Chinese cinema was born in 1905, and has gone through various stages of history, including the semi-feudal and semi-colonial period, the revolutionary war period, the construction of new China, the Cultural Revolution, the reform and opening-up period, and the new period of building a moderately prosperous society; and it has gone through the process of technological change, from silent to sound, from black-and-white to color, from analog to digital, and from traditional to modern.
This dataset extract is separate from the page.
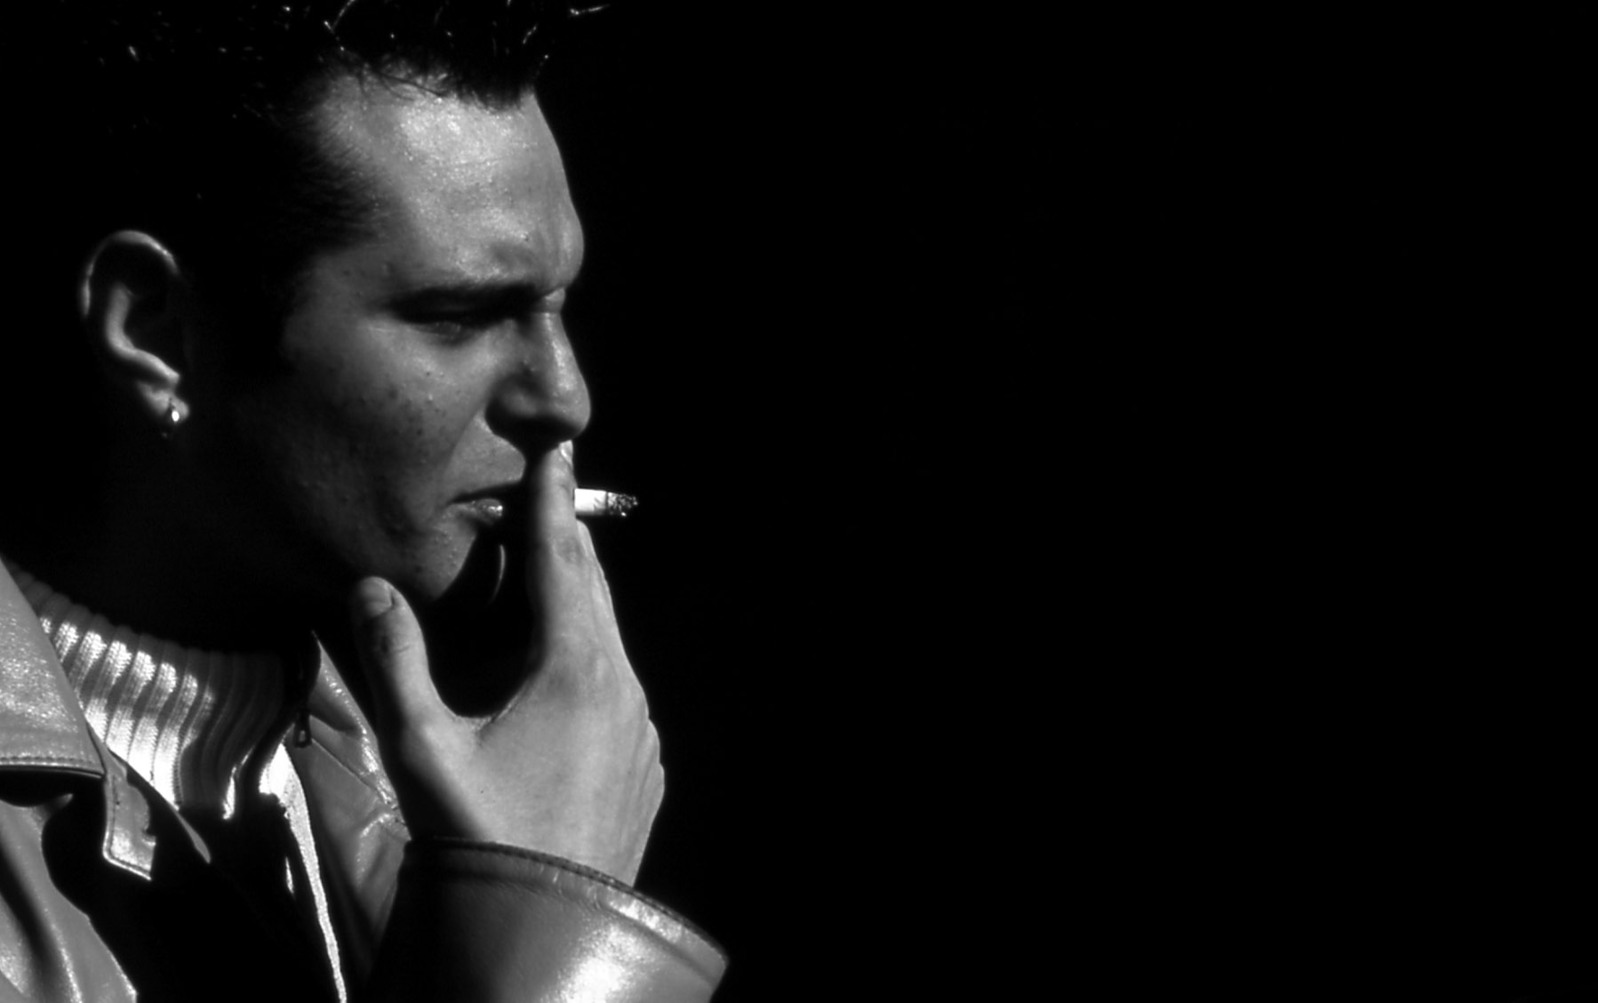 smoking-1439550-1598×1002

At different stages of development, Chinese films have left behind outstanding masterpieces: during the pioneering period in the 1920s, there were progressive films such as Orphans Saving Ancestors, which focused on social transformation; during the period of resistance to the Japanese invasion and salvation, there were films such as The Wild Streams and Children of China, which inspired morale and promoted patriotism; and after the War of Resistance, films such as 8,000 Miles of Roads, the Clouds, and the Moon and A River Flowing East, which profoundly revealed the contradictions and the nature of society, forming a trend of realist creation.

She is a member of the Chinese Academy of Arts and Letters, the Chinese Academy of Arts and Letters.

She said that during the 17 years after the founding of New China in 1949, a large number of excellent works combining realism and romanticism, such as "The White-haired Girl", "Blessing" and "The Lin Family Shop", emerged, and shaped a large number of screen images with a strong national style, forming the first climax of the development of the new Chinese cinema; after the decade-long Cultural Revolution, Chinese cinema came out of the doldrums and made a large number of films such as "Little Flower" and "Man in the Middle Age", and so on. A Man in His Middle Years" and a large number of excellent films reflecting the practice of reform and criticizing the social ills of the time. Especially at the end of the 1980s and the beginning of the 1990s, the second climax was formed by major revolutionary and historical films such as Founding Ceremony and The Battle of Armageddon, as well as realistic films such as Jiao Yulu and Phoenix Qin.

Entering the 1990s, Zhao Shi said, Chinese films have implemented major measures such as film and television merger reform, film excellence project, rural film projection project, film shareholding system, syndication reform and other major measures, and there have been brand-new breakthroughs and enhancements in both artistic quality and form. In addition to such works as Kong Fan Sen, The Day I Left Lei Feng, Xi Lian, and That Mountain, That Man, That Dog, new styles of New Year's Eve and comedy films such as See No Evil emerged, and a large number of new forces emerged. Entering the new century, Chinese movies have formed a new pattern of coordinated development of state-owned, collective and private ownership, and the development of movies has embarked on a virtuous circle.

"Deng Xiaoping", "The Cocoanuts", "Once Upon a Time in Taiwan" and other masterpieces have achieved a double harvest of social and economic benefits, and domestic blockbusters such as "Heroes" and "Myths" **** the same dominant position in China's market, and created a box office miracle of Chinese films in the world of cinema. More than 30 Chinese films have won awards at more than 40 international film festivals, marking the arrival of the third development climax.